:: TASK TO CARRY OUT ::
Pull out of the data below the stretch of lines bounded by the one containing "Мешок для магнезии" and the one containing "Pg241 Un indegC3A8ne", both bounds included, unchanged.

Dataset records
┌──

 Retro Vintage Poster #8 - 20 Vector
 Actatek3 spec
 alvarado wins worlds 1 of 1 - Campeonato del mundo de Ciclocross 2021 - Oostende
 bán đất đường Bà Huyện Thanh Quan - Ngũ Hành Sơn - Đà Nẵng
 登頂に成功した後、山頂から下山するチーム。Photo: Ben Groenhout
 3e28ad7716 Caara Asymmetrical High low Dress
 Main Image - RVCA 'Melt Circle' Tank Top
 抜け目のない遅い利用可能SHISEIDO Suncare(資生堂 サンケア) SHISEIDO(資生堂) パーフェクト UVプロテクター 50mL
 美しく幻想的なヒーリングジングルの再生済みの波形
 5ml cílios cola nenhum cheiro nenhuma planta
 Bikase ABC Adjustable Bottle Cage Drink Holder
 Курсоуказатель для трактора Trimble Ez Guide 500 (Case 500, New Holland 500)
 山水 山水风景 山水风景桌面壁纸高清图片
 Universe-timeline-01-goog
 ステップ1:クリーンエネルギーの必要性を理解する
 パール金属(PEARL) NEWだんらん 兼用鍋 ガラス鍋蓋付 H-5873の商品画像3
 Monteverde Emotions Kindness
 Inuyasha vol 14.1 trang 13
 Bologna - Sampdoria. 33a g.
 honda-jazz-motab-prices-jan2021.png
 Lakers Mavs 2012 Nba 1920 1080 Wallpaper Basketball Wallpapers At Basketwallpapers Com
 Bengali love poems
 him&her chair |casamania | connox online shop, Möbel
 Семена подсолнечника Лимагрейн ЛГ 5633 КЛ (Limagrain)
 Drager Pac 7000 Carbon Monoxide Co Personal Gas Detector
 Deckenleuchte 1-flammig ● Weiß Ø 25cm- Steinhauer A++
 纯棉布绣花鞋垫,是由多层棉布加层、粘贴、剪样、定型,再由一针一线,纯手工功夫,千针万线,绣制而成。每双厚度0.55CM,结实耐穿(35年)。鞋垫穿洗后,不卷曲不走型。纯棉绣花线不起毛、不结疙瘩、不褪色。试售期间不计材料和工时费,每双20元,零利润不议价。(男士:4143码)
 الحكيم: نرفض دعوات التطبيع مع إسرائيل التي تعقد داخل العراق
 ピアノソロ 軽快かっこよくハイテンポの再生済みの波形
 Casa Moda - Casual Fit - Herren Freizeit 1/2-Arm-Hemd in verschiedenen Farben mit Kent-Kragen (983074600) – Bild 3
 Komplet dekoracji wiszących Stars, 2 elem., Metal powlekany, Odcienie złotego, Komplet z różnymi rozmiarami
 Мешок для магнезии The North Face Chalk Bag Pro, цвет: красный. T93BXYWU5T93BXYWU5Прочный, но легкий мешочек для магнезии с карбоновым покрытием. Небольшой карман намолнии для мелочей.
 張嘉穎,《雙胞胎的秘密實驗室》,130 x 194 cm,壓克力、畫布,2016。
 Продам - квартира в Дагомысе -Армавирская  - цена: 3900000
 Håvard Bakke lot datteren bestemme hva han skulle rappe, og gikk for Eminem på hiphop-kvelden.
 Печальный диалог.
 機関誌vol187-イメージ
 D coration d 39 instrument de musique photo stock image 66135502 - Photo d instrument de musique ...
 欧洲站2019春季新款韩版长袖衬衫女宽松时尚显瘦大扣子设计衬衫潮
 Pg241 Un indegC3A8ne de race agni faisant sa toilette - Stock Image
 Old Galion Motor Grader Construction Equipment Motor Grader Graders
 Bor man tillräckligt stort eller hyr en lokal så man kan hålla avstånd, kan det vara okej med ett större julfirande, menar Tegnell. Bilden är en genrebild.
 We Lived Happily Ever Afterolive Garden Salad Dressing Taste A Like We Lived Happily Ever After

└──

:: COMPLETED EXERCISE ::
 Мешок для магнезии The North Face Chalk Bag Pro, цвет: красный. T93BXYWU5T93BXYWU5Прочный, но легкий мешочек для магнезии с карбоновым покрытием. Небольшой карман намолнии для мелочей.
 張嘉穎,《雙胞胎的秘密實驗室》,130 x 194 cm,壓克力、畫布,2016。
 Продам - квартира в Дагомысе -Армавирская  - цена: 3900000
 Håvard Bakke lot datteren bestemme hva han skulle rappe, og gikk for Eminem på hiphop-kvelden.
 Печальный диалог.
 機関誌vol187-イメージ
 D coration d 39 instrument de musique photo stock image 66135502 - Photo d instrument de musique ...
 欧洲站2019春季新款韩版长袖衬衫女宽松时尚显瘦大扣子设计衬衫潮
 Pg241 Un indegC3A8ne de race agni faisant sa toilette - Stock Image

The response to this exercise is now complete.